Hello everyone and welcome to my nightmare. I am preparing a database in order to run a number of SSIS packages to migrate the required data into a data warehouse.
I am in the process of updating customer names with accented characters to non-accented characters prior to running the SSIS package, as this causes my DimCustomer Population
package to fail.
The query I used ran and ran quickly and efficiently (I was living the dream) however, I am now faced with three records which cause my UPDATE
statement to run and run to the point I have to cancel the query after about an hour as this is nowhere near acceptable.

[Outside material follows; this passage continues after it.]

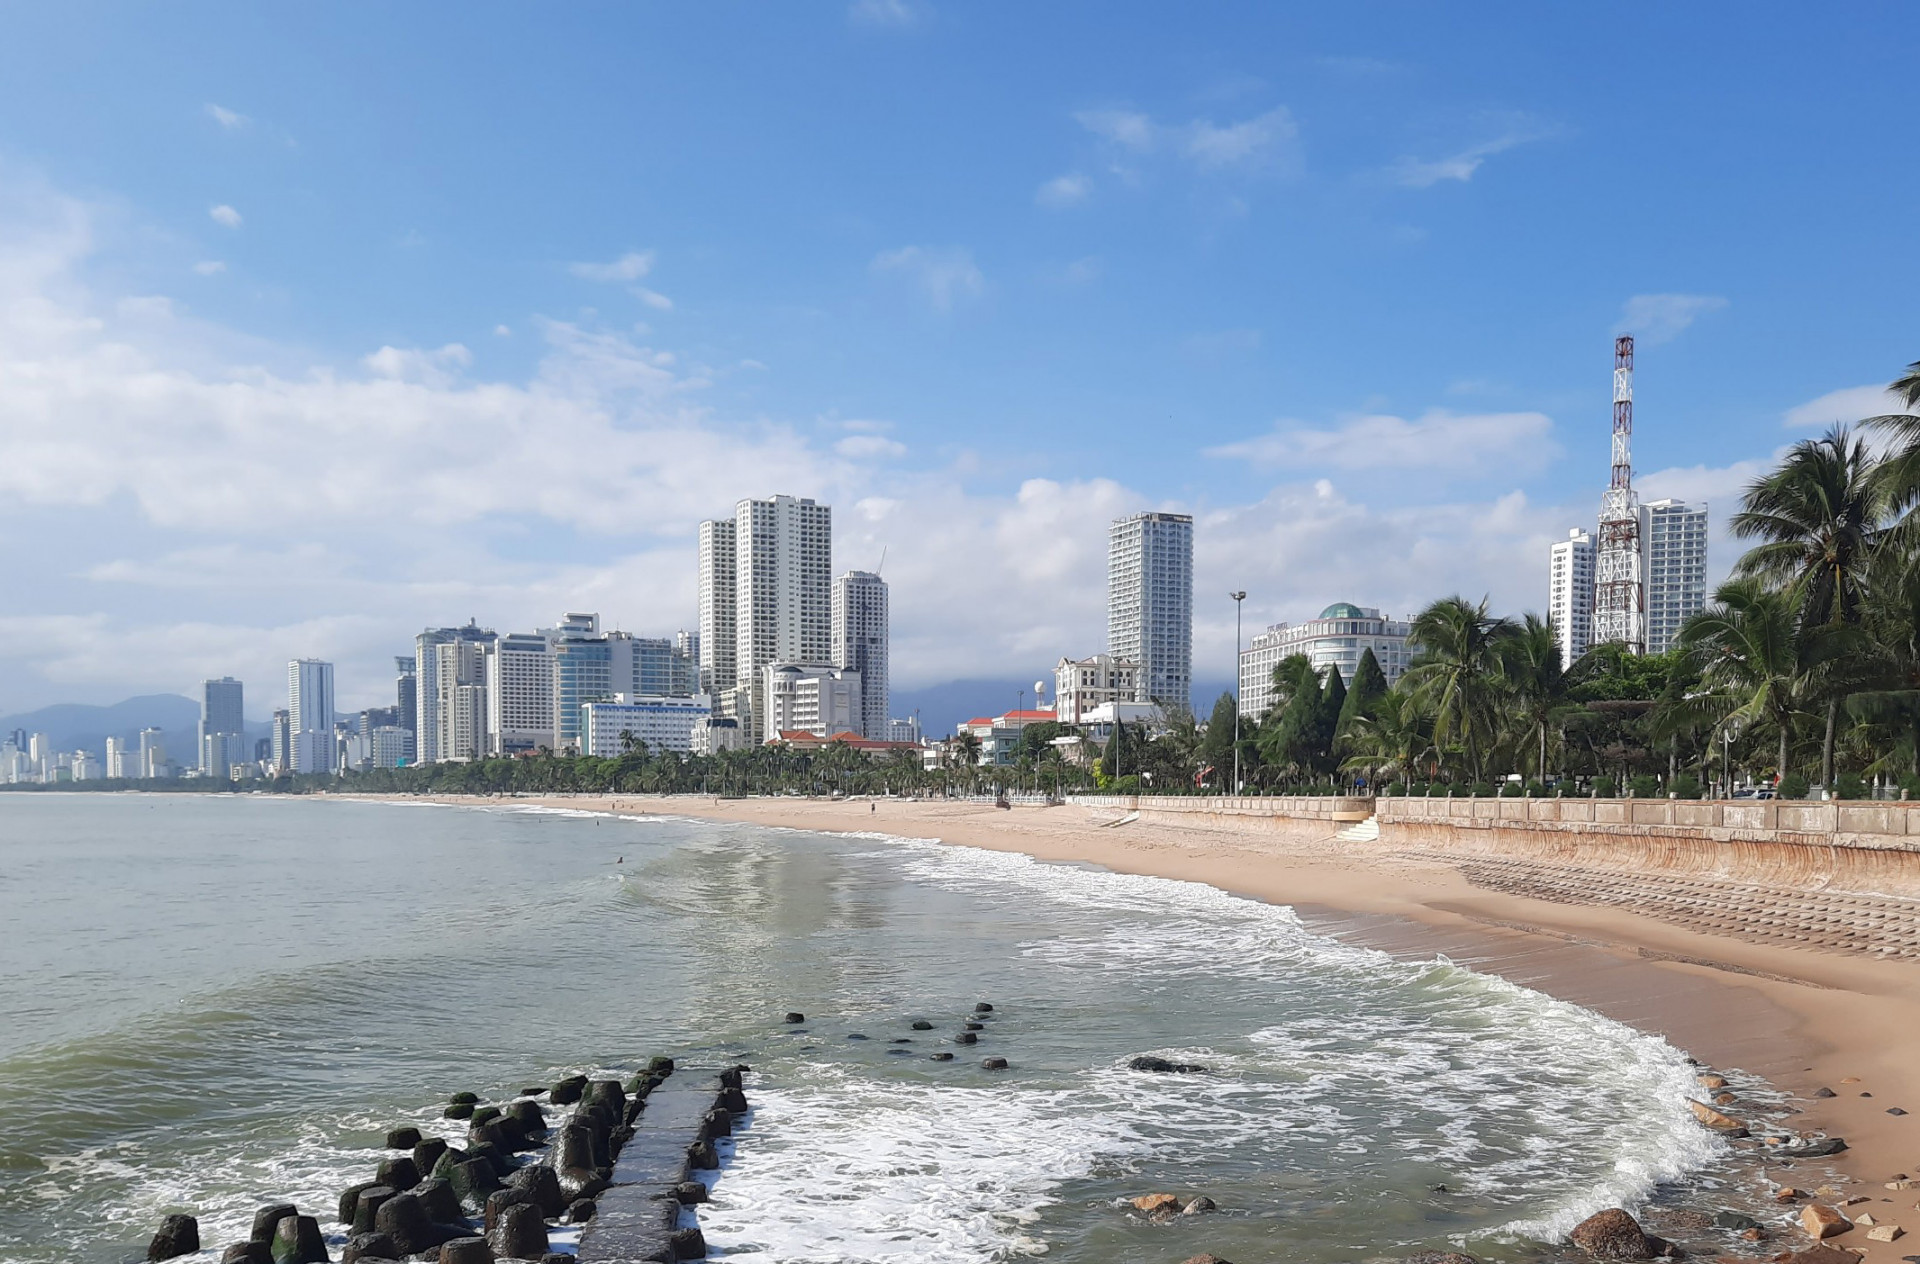 Nha Trang and Vung Tau beaches are in top 10 most famous beaches in the world on TikTok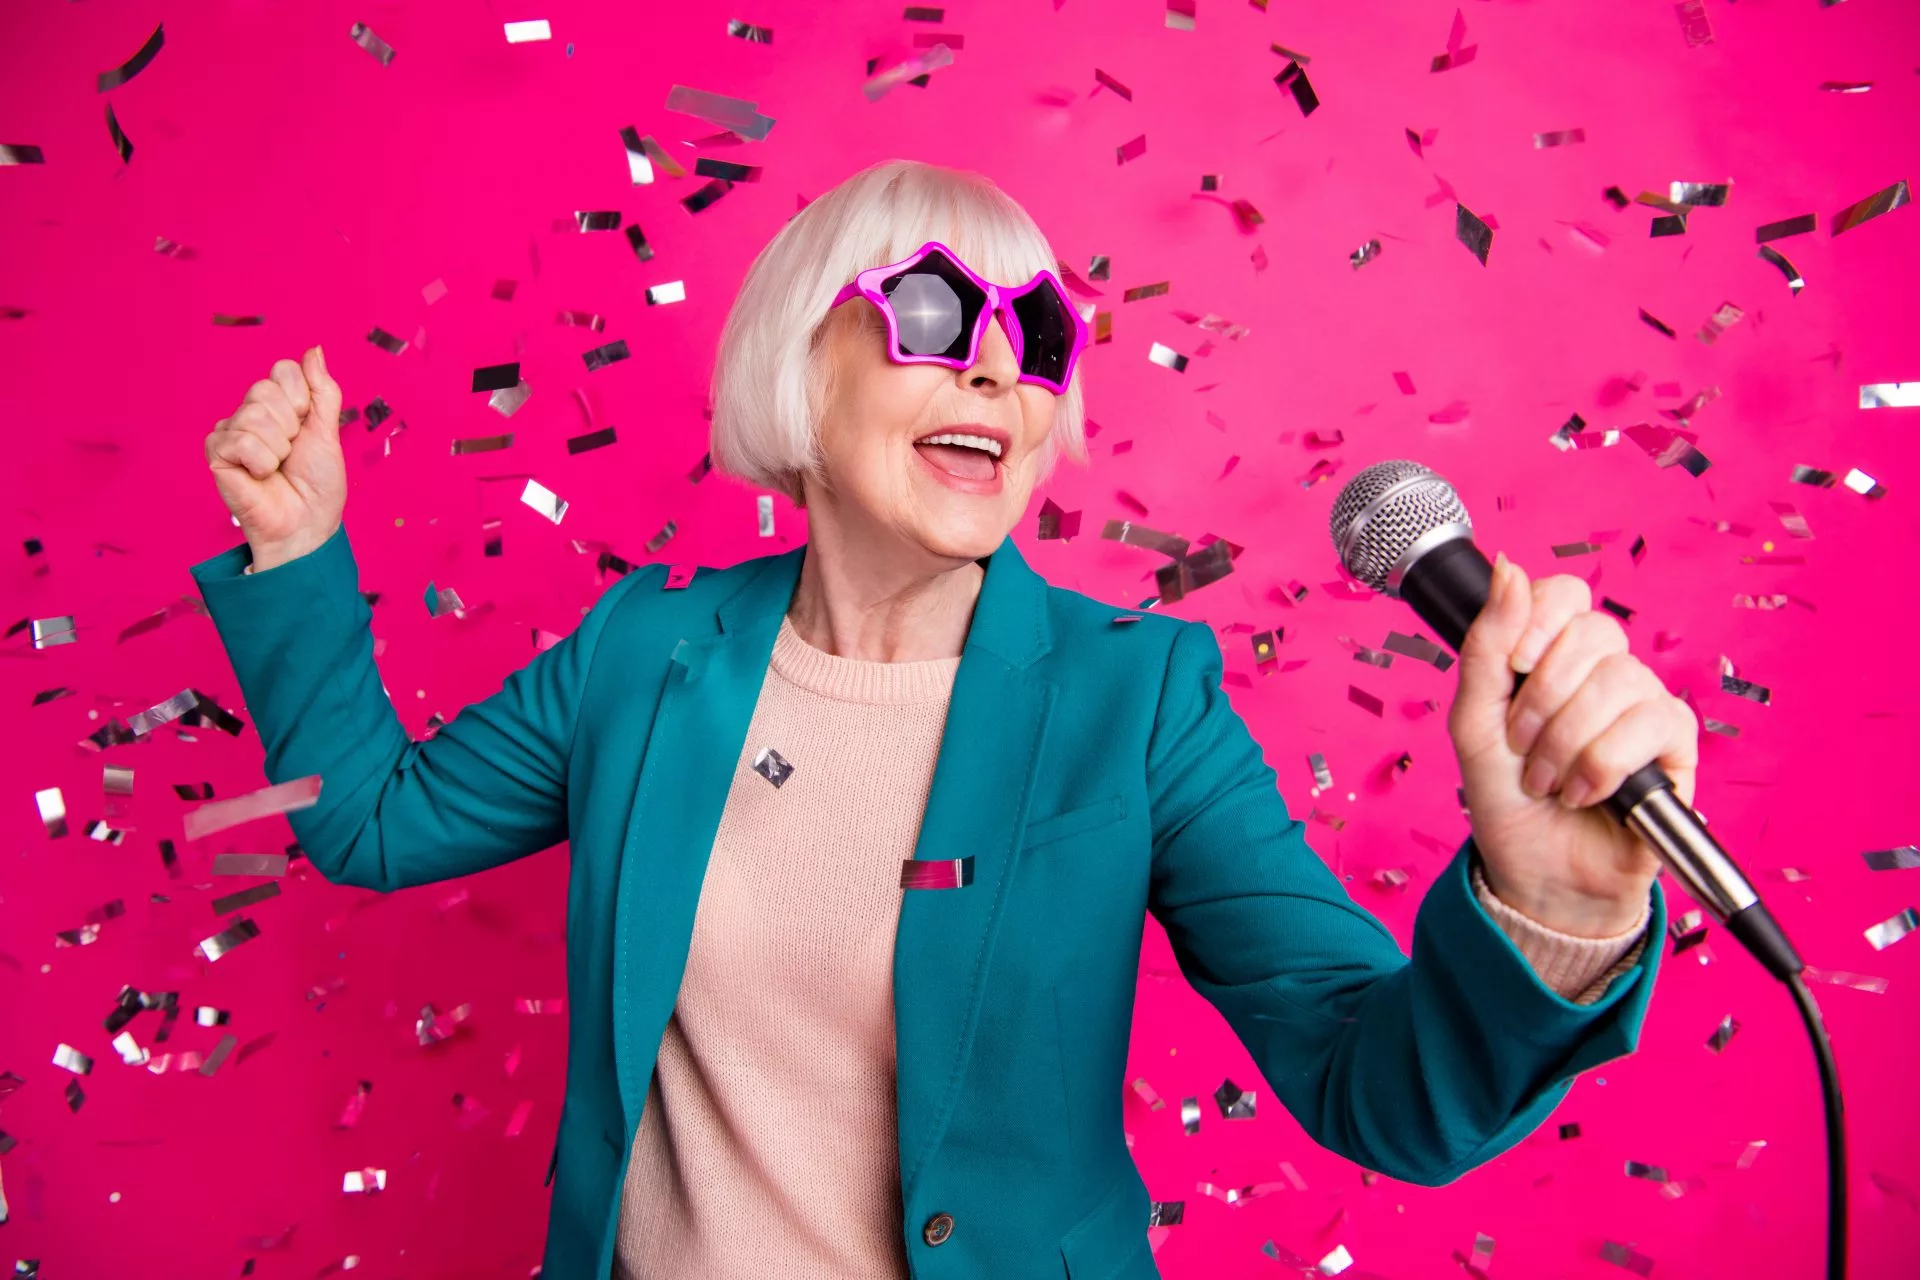 Senior lady singing in to a microphone wearing start shaped glasses

The characters contained in these names are: í
á
and ẽ
. My suspicion is that these are only recognised in a particular format (which I cannot seem to find).
The queries and update I run are below for your perusal:
SELECT lastname COLLATE latin1_general_ci_ai AS 'LastName',
MIN(lastname COLLATE latin1_general_ci_as) AS 'CorrectLastName',
MAX(lastname COLLATE latin1_general_ci_as) AS 'IncorrectLastName'
INTO #lastname
FROM learner WITH (nolock)
GROUP BY lastname COLLATE latin1_general_ci_ai
HAVING MIN(lastname COLLATE latin1_general_ci_as) <> MAX(lastname COLLATE latin1_general_ci_as);
IF Object_id ('tempdb..#LastNameUpdate') IS NOT NULL
DROP TABLE #lastnameupdate
SELECT L.learnerid,
L.lastname,
LN.correctlastname,
LN.incorrectlastname
INTO #lastnameupdate
FROM learner L WITH (nolock)
INNER JOIN #lastname AS LN
ON L.lastname = LN.incorrectlastname
UPDATE L
SET L.lastname = LNU.correctlastname
FROM learner L
INNER JOIN #lastnameupdate AS LNU
ON L.learnerid = LNU.learnerid
Please ask any questions if you need anymore info, I am a regular stack checker for pre-posted solutions and (even if a little sad) general reading. Any information, guidance or advise would be greatly appreciated. Thanks!
Just for speeding things up: you can add the following after creating the #lastname table.
Delete from #lastname where CorrectLastName = incorrectLastName
I think if you have only a few incorrect last names this will speed a lot up.
You can also try to avoid the creation of the table #lastnameupdate.
Because with a the use of a sub query instead you could do the same.
This should also speed the whole up a little bit.